Can you add a // no-warning comment to this line? We use that to indicate that we explicitly don't expect a warning there.

  1. Add no-warning comments
  2. Switch to using a cached IdentifierInfo (similar to how it's done in CheckObjCDealloc.cpp)
  3. Rerun the all the tests - they are fine.

@dcoughlin - many thanks for the code review,
yeah, i will wait for the feedback from NoQ@ as well.

NoQ added a comment.Nov 10 2017, 12:00 AM

Looks great, thanks! Minor inline stuff.

lib/StaticAnalyzer/Checkers/StackAddrEscapeChecker.cpp
116 ↗(On Diff #122194)

Because stack address escapes are not fatal errors, it is not necessarily true that any other stack frame context here would be an ancestor of the current context. It may be an escaped stack variable from a function that has exited long time ago. You might want to check the getParent() chain.

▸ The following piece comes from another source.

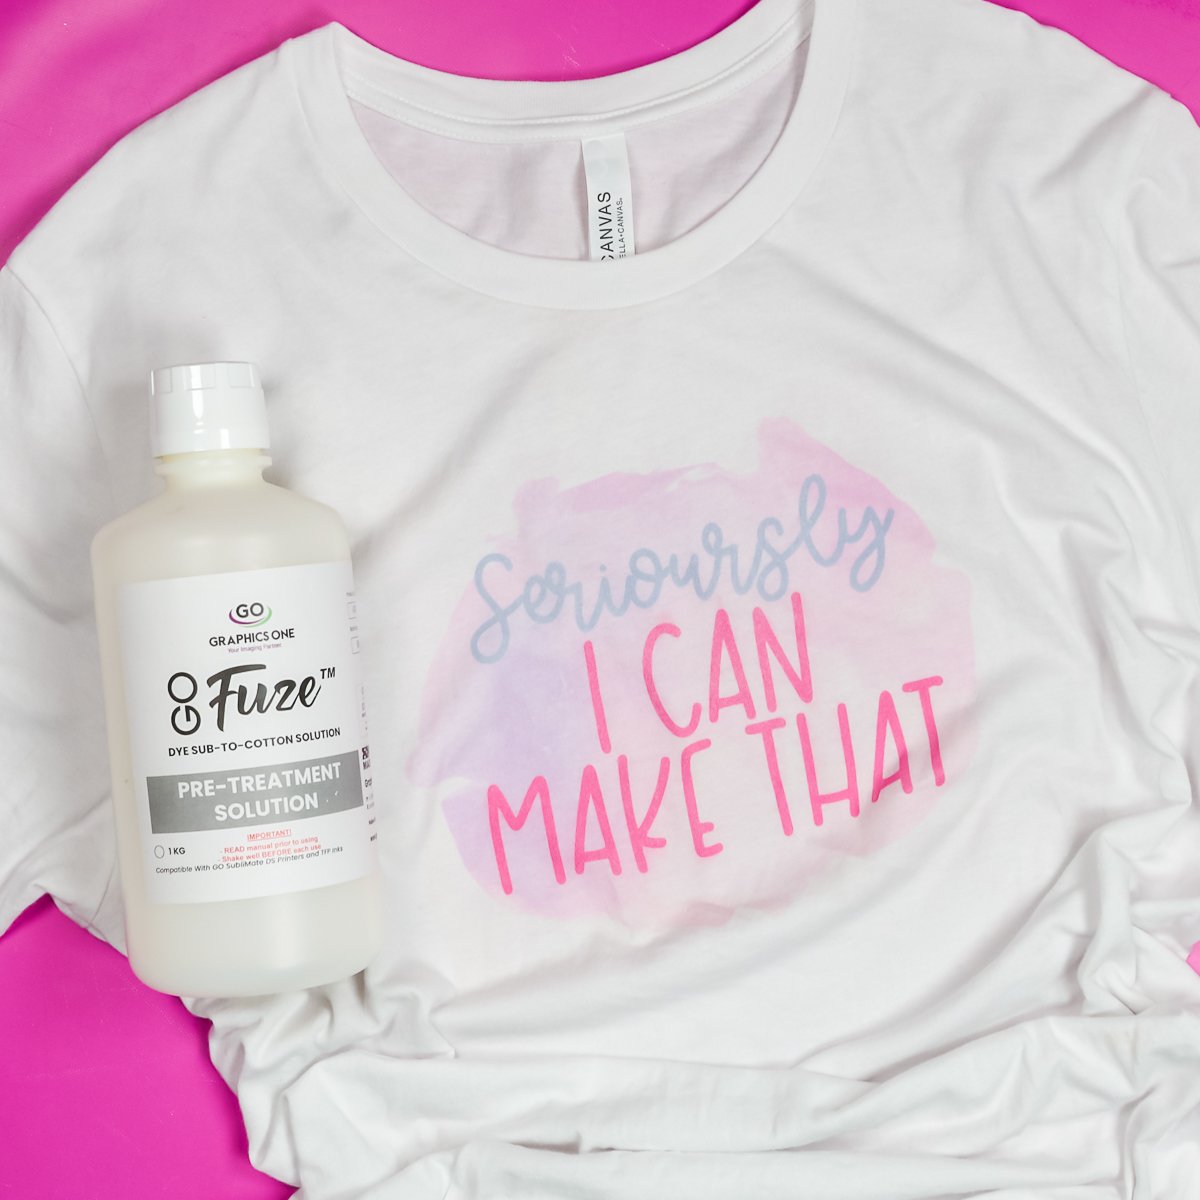 How to Use Sublimation Cotton Spray the Right Way - Angie Holden
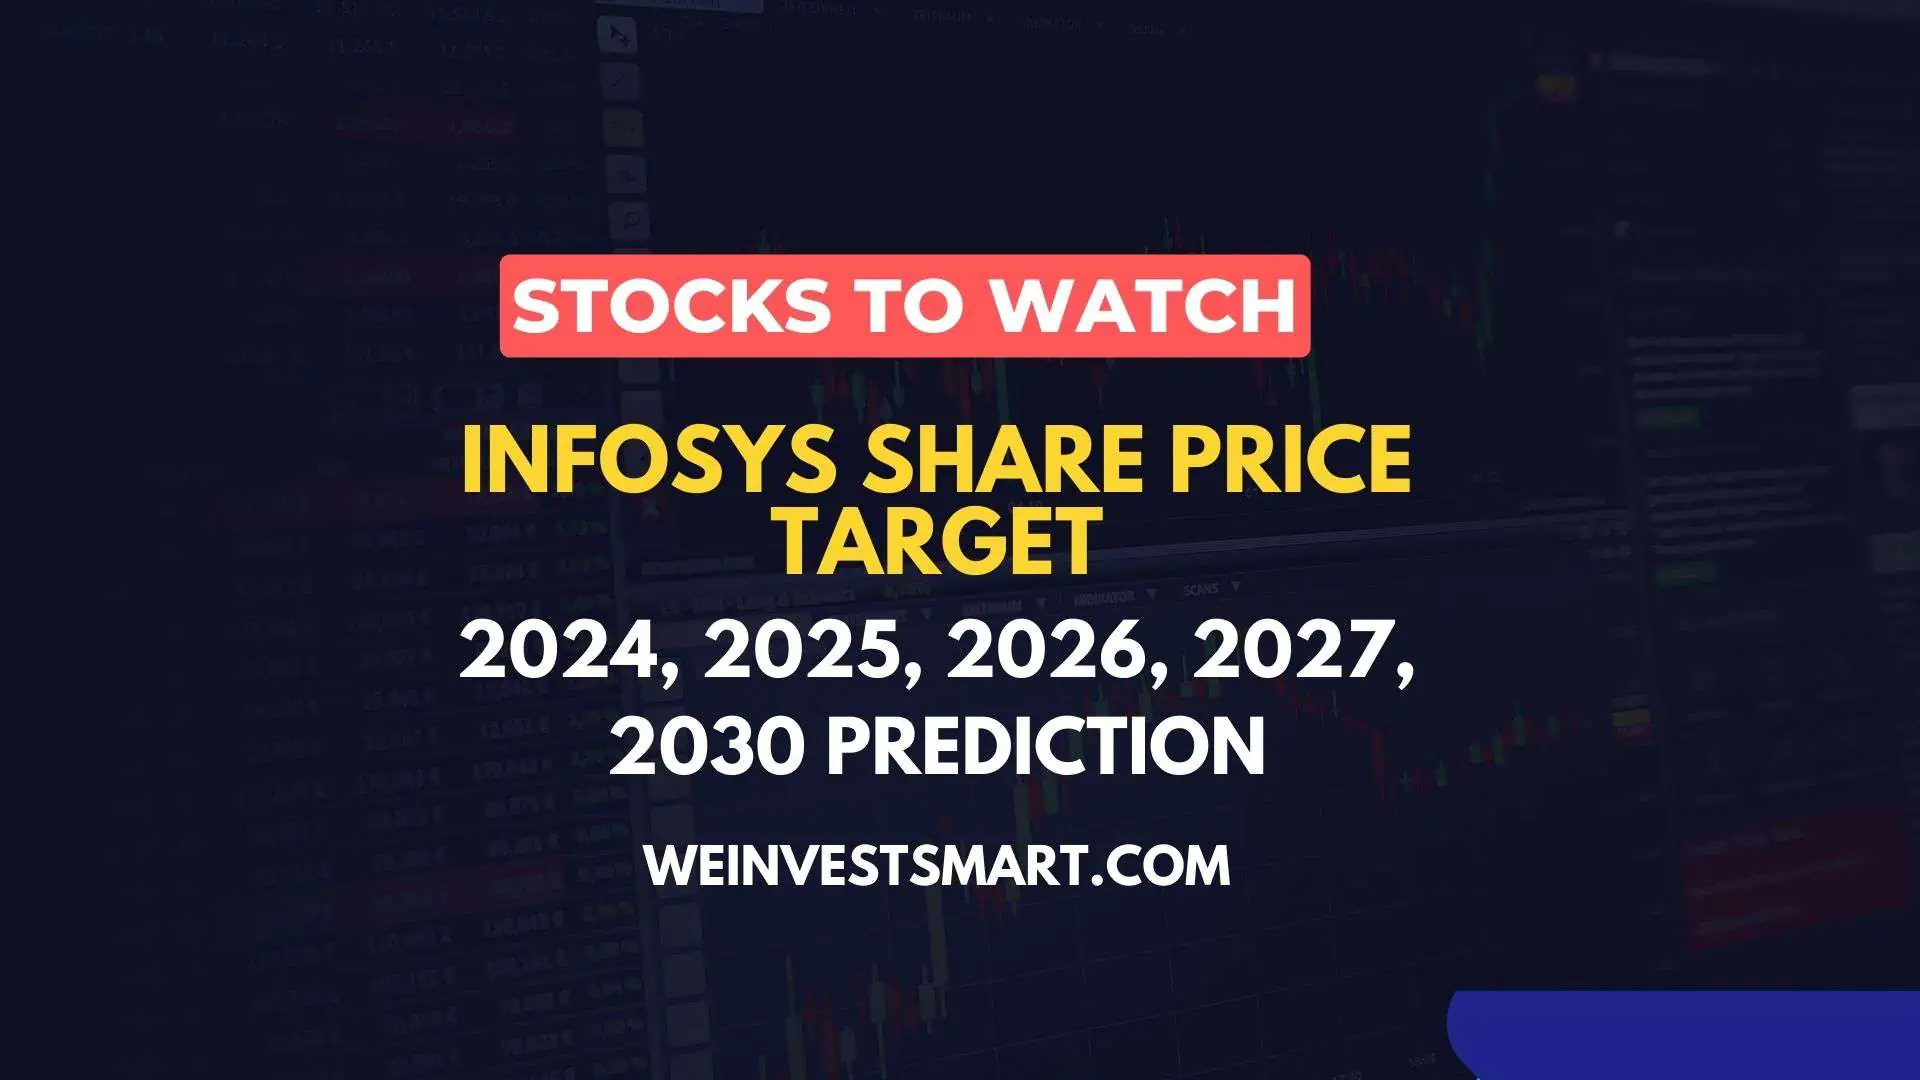 Infosys Share Price Target 2024, 2025, 2026, 2027, 2030 Prediction Buy

Hmm, or rather rename the function to "isNotInCurrentFrame" because that's how you seem to be using it.

173 ↗(On Diff #122194)

Typo: capatured -> captured.

177 ↗(On Diff #122194)

Hmm, why would such region even be in the list?

184 ↗(On Diff #122194)

I think bugtype should describe the bug, so that the user knew what sort of bug it is by looking at the list. Maybe add "...is captured" here?

Address the comments

alexander-shaposhnikov marked 3 inline comments as done.Nov 10 2017, 12:58 PM

I found some nits, but overall I think this is getting close.

lib/StaticAnalyzer/Checkers/StackAddrEscapeChecker.cpp
76 ↗(On Diff #122507)

In case you already change these lines you could replace the type name on the left side with auto to avoid repeating types.

123 ↗(On Diff #122507)

You can also use auto here to avoid mentioning the type twice.

192 ↗(On Diff #122507)

How long usually these error messages are? Maybe 512 is a bit large buffer for this? Note that in case the error message is longer this is still not a hard error, it just will hit the slow path (allocating the buffer on the heap).

214 ↗(On Diff #122507)

Maybe you wanted to mention "captured" here as well?

215 ↗(On Diff #122507)

Maybe the error reporting part could be abstracted out to avoid code duplication with the function above?

lib/StaticAnalyzer/Checkers/StackAddrEscapeChecker.cpp
192 ↗(On Diff #122507)

Note that in case the error message is longer this is still not a hard error, it just will hit the slow path

thanks, i'm aware of that.
512 was used in this file before my invasion,
the size obviously depends on what genName would generate (and inherently depends on the code style of the codebase)

adjust the messages, more uses of auto

NoQ accepted this revision.Nov 20 2017, 7:34 AM

Thanks, looks great, please commit!~

This revision is now accepted and ready to land.Nov 20 2017, 7:34 AM
This revision was automatically updated to reflect the committed changes.